3. **`CorrelationMap`** — wraps a `ConcurrentDictionary<ushort, InFlightRequest>`. Methods: `bool TryAdd(ushort, InFlightRequest)`, `bool TryRemove(ushort, out InFlightRequest)`, `int Count { get; }`, `IReadOnlyCollection<InFlightRequest> Snapshot()` (for diagnostics; allocates a list). The dict is correct-by-construction for the mux's single-writer-add / single-reader-remove pattern; `ConcurrentDictionary` keeps it safe if/when we add upstream-side cancellation.
### 9.2 Multiplexer + UpstreamPipe
4. **`UpstreamPipe`** — `internal sealed class UpstreamPipe : IAsyncDisposable`. One instance per accepted upstream socket.
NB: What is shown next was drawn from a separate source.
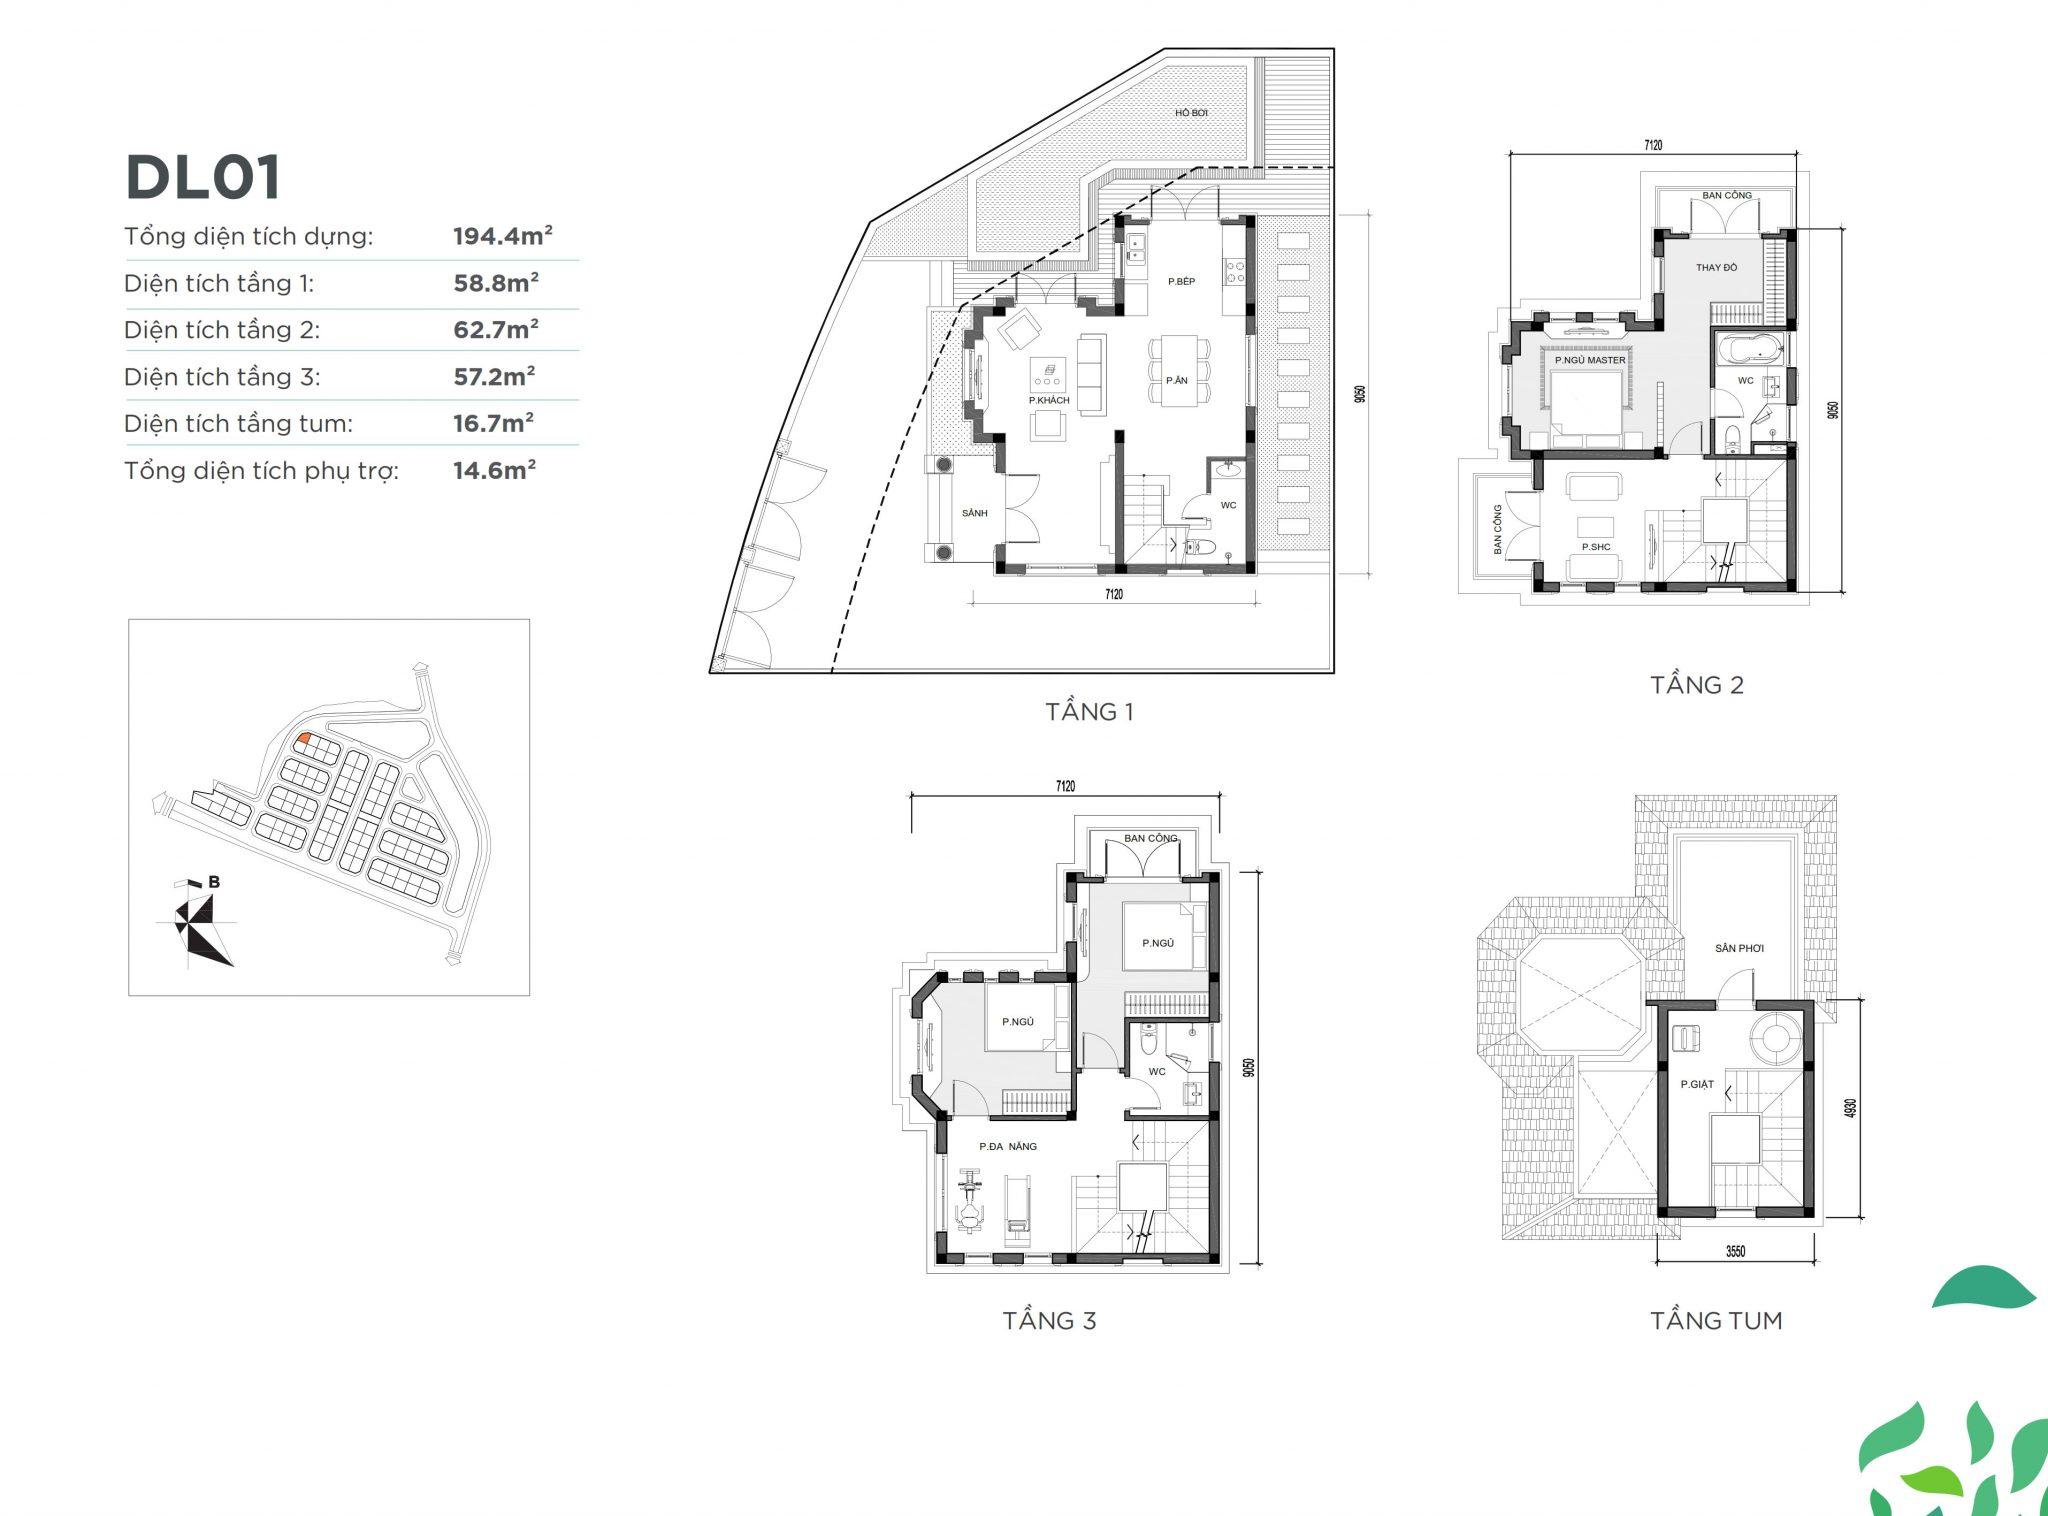 biet-thu-dl01-vinhomes-green-villas
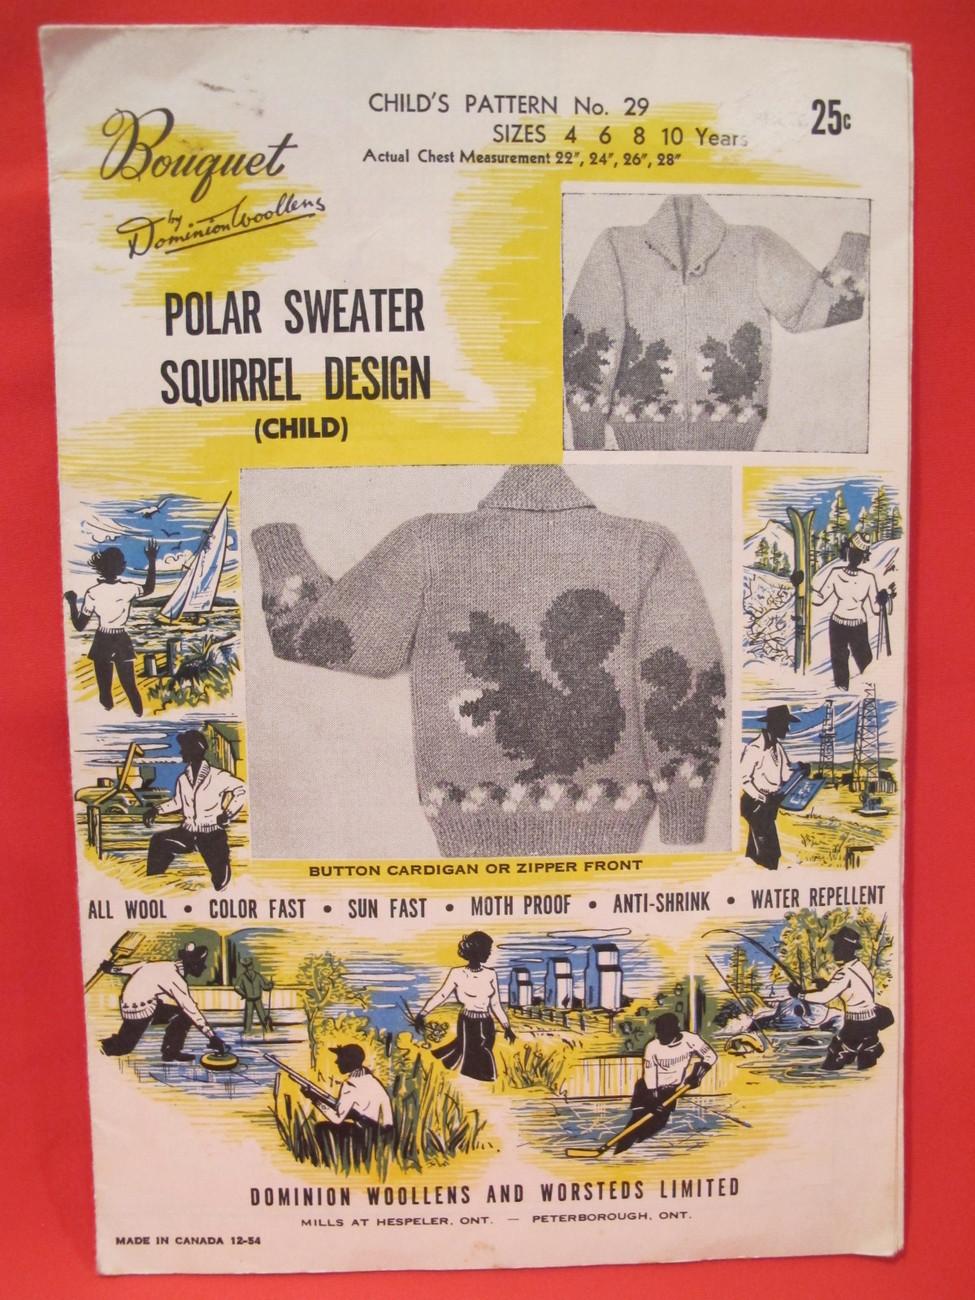 Vintage 1954 Knitting Pattern CHILDRENS Polar Sweater Squirrel Design Size 4 10 - $6.99

Fields: `Socket _upstream`, `Guid _id`, `IPEndPoint _remoteEp`, `DateTimeOffset _connectedAtUtc`, `volatile bool _alive`, `Channel<byte[]> _responseChannel` (capacity 16). Two tasks:
- **Read task**: pumps inbound MBAP frames from `_upstream` to a per-pipe `OnFrame` callback (registered by the multiplexer).
- **Write task**: drains `_responseChannel` and writes each frame back to `_upstream`.
On fault: sets `_alive = false`, closes the socket, the multiplexer notices on next correlation lookup and drops responses bound for this pipe.
5. **`PlcMultiplexer`** — `internal sealed class PlcMultiplexer : IAsyncDisposable`. One instance per PLC. Fields: backend `Socket`, `TxIdAllocator`, `CorrelationMap`, `Channel<byte[]> _outboundChannel` (cap 256), `PerPlcContext _ctx` (tag map + counters + logger), list of attached `UpstreamPipe`s. Two backend tasks plus a fan-in:
- **Backend writer task**: drains `_outboundChannel` → writes to backend socket. Single writer; no synchronization on the socket needed.
- **Backend reader task**: reads MBAP frames from backend → looks up `proxyTxId` in `CorrelationMap` → calls `pipeline.Process(ResponseToClient, header, pdu, ctx with InFlight)` → for each `InterestedParty` in `InFlightRequest.InterestedParties` (always exactly one in Phase 9; list-of-N once Phase 10 ships): writes a copy of the frame with that party's `OriginalTxId` restored in the MBAP header to the party's `UpstreamPipe._responseChannel` (or drops silently for that party if its pipe is `_alive = false`) → `CorrelationMap.TryRemove(proxyTxId)` + `TxIdAllocator.Release(proxyTxId)`.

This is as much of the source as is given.